Quantas juízas negras vocês conhecem? Quantas procuradoras, promotoras, delegadas, desembargadoras, advogadas. Afinal, quantas juristas negras ocupam espaços estratégicos de poder no Brasil? Respondemos. Menos de 2% dos cargos do sistema de justiça são ocupados por mulheres negras. Enquanto isso, mais de 2/3 da população carcerária do país é de pessoas negras.

E é nesse contexto desigual que nós assumimos a missão de combater estrategicamente o racismo, ofertando capacitação, aperfeiçoamento e treinamento de alta qualidade, de forma a criar condições efetivas de inclusão da população negra em espaços de poder e saber, com foco na ocupação do Sistema de Justiça Brasileiro.

Dentre as nossas ações, destaca-se a Metodologia Abayomi de Aprovação – MADA, que consiste em uma ferramenta de aprendizagem fundada em quatro pilares: o intelectual, que consiste no ensino jurídico e sócio-político, o mental, o físico e o espiritual, que buscam resgatar a identidade e autoestima o povo negro, colaborando para o rompimento de diversas crenças limitantes.

Sabemos que quanto mais somos submetidas a experiências ruins, mais acumulamos uma imagem mental negativa sobre nós mesmas.
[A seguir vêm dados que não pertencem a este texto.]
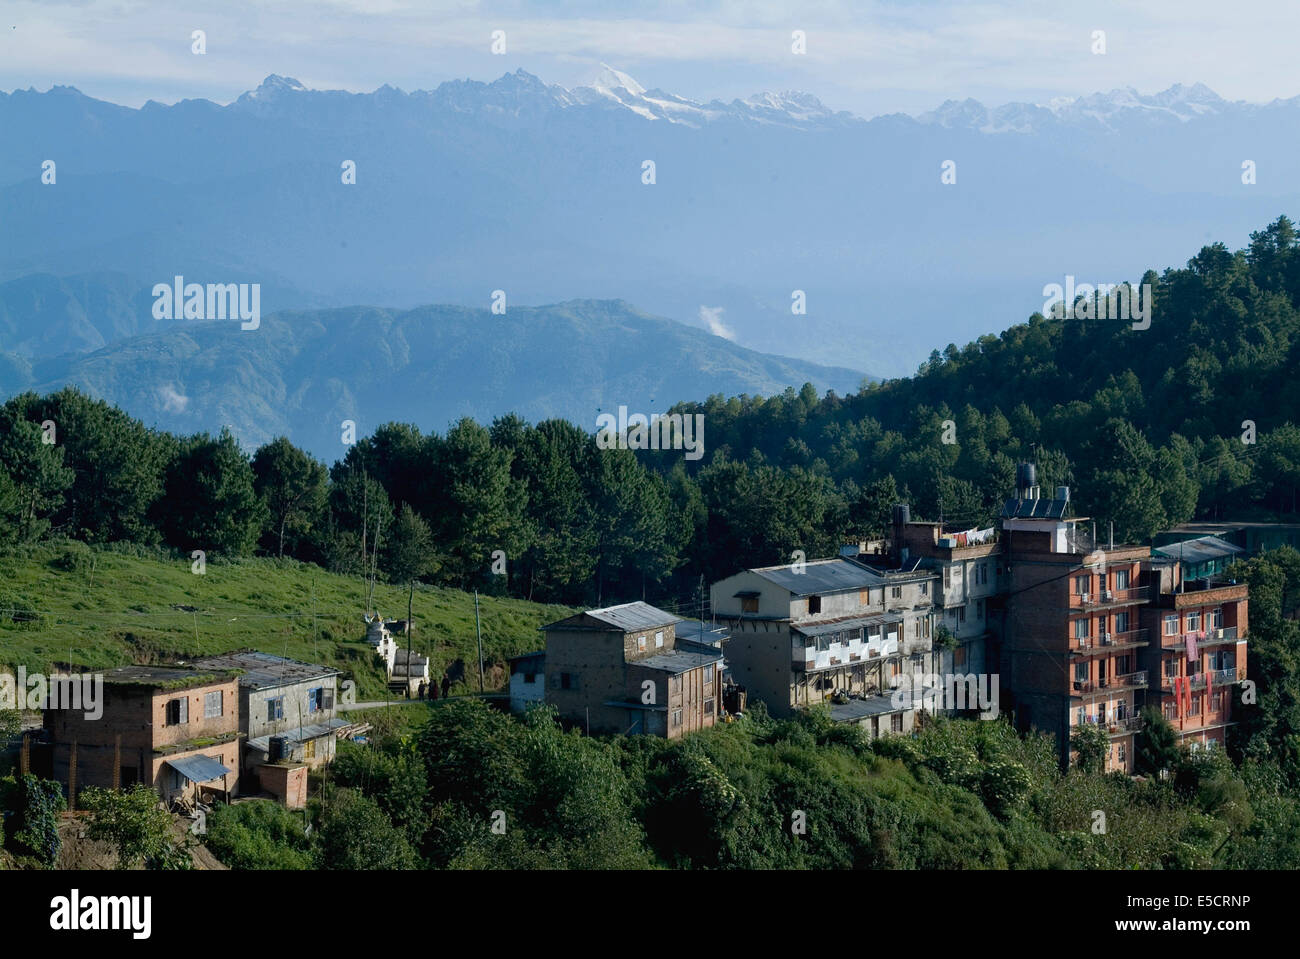 Nagarkot, a hill station and resort at the base of the Himalayan range, Nepal Stock Photo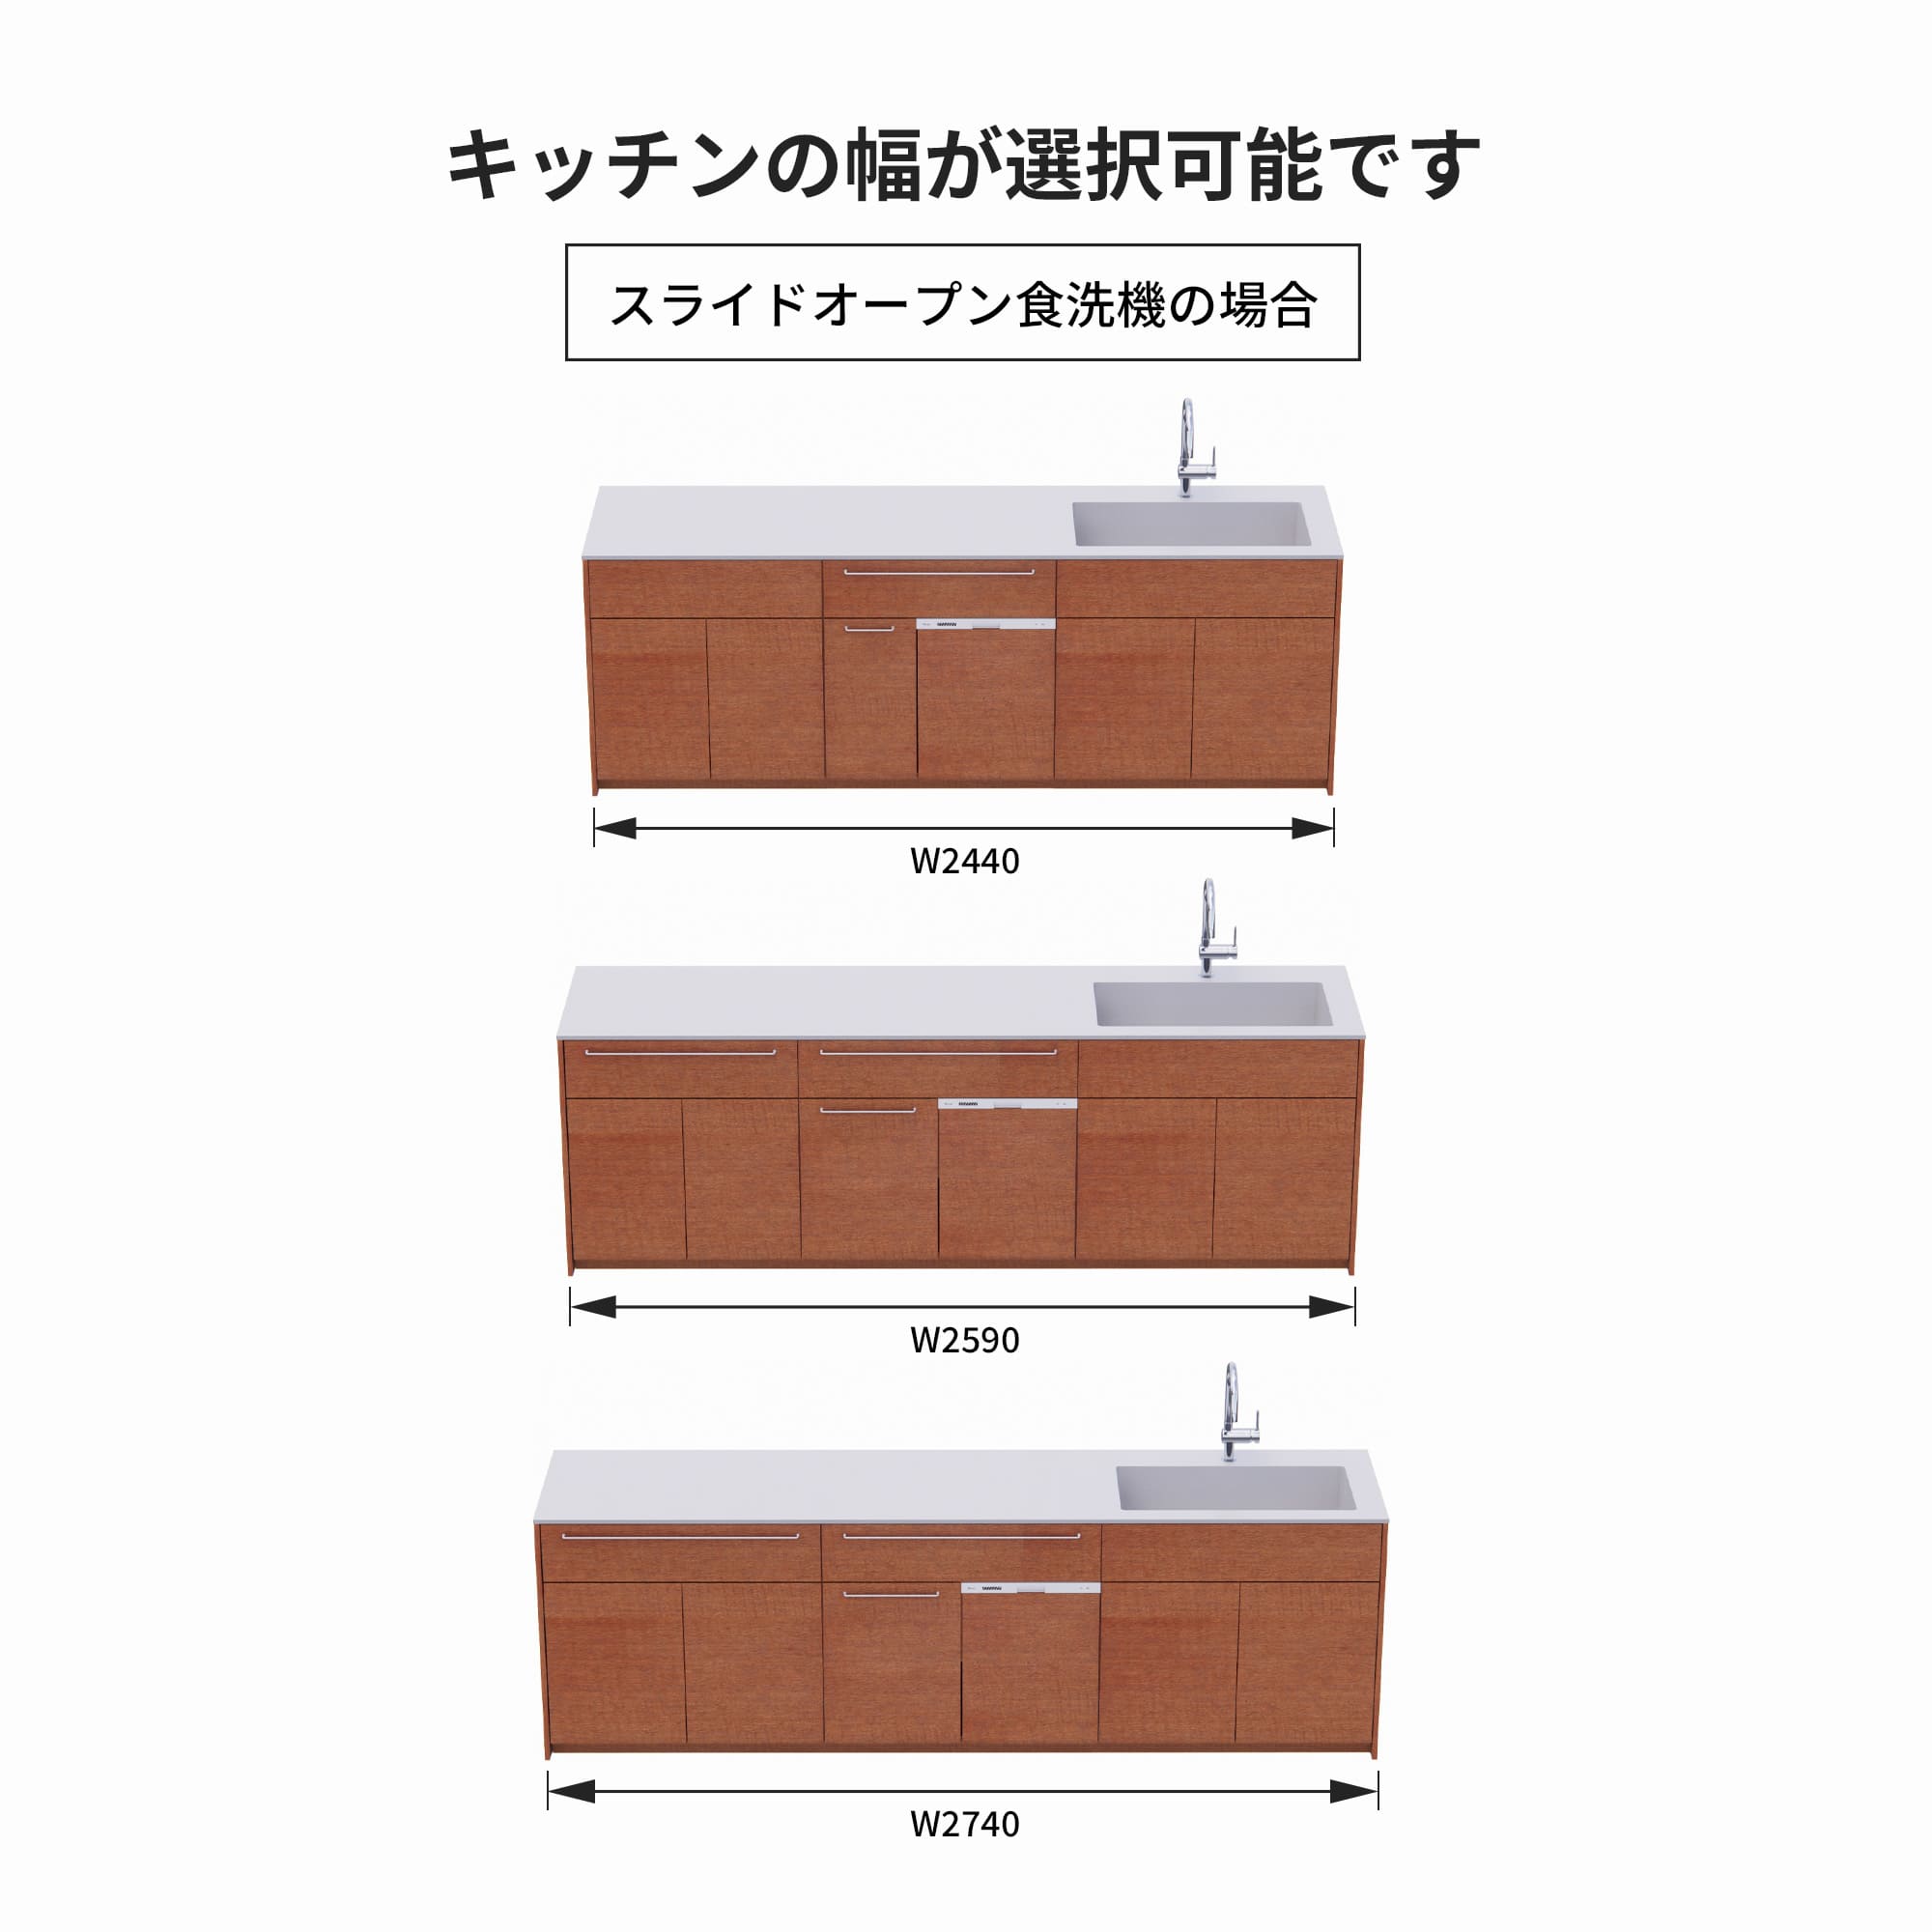 木製システムキッチン 壁付け型 W2440～2740・コンロなし / オーブンなし / 食洗機あり KB-KC022-27-G183 スライドオープンの場合

Se você escuta na infância que não é inteligente o suficiente, muito provavelmente você chegará à idade adulta com algumas convicções inconscientes, como: “eu não consigo aprender” ou “eu não sou boa o bastante”. A grande questão é que, em um país estruturalmente racista e machista, essas crenças são reforçadas por estereótipos sociais que recaem de forma mais intensa sobre as mulheres negras.

Ao longo do acompanhamento da nossa Coletiva, a psicóloga Jussiara Leal identificou que as ressonâncias psicológicas do racismo são evidentes, sendo explicitadas de muitas formas. Em uma avaliação de aspectos da inteligência positiva, realizada com 12 mulheres negras que se preparam para o concurso de magistratura do TJPE, foi constatada uma alta prevalência do estado hipervigilante, definido como um estado de “ansiedade intensa e contínua em relação a todos os perigos que cercam você e em relação a tudo o que poderia dar errado. […] Isso resulta em uma grande quantidade de estresse contínuo que exaure você e os outros”, como explica Chamine.

Além disso, foi encontrada uma ocorrência significativa da prestatividade, que se manifesta de modo prejudicial à individualidade. Segundo Chamine, a pessoa prestativa é compreendida como aquela que possui a necessidade de aceitação e afeto pelos demais, buscando ajudar, agradar, salvar ou elogiar constantemente.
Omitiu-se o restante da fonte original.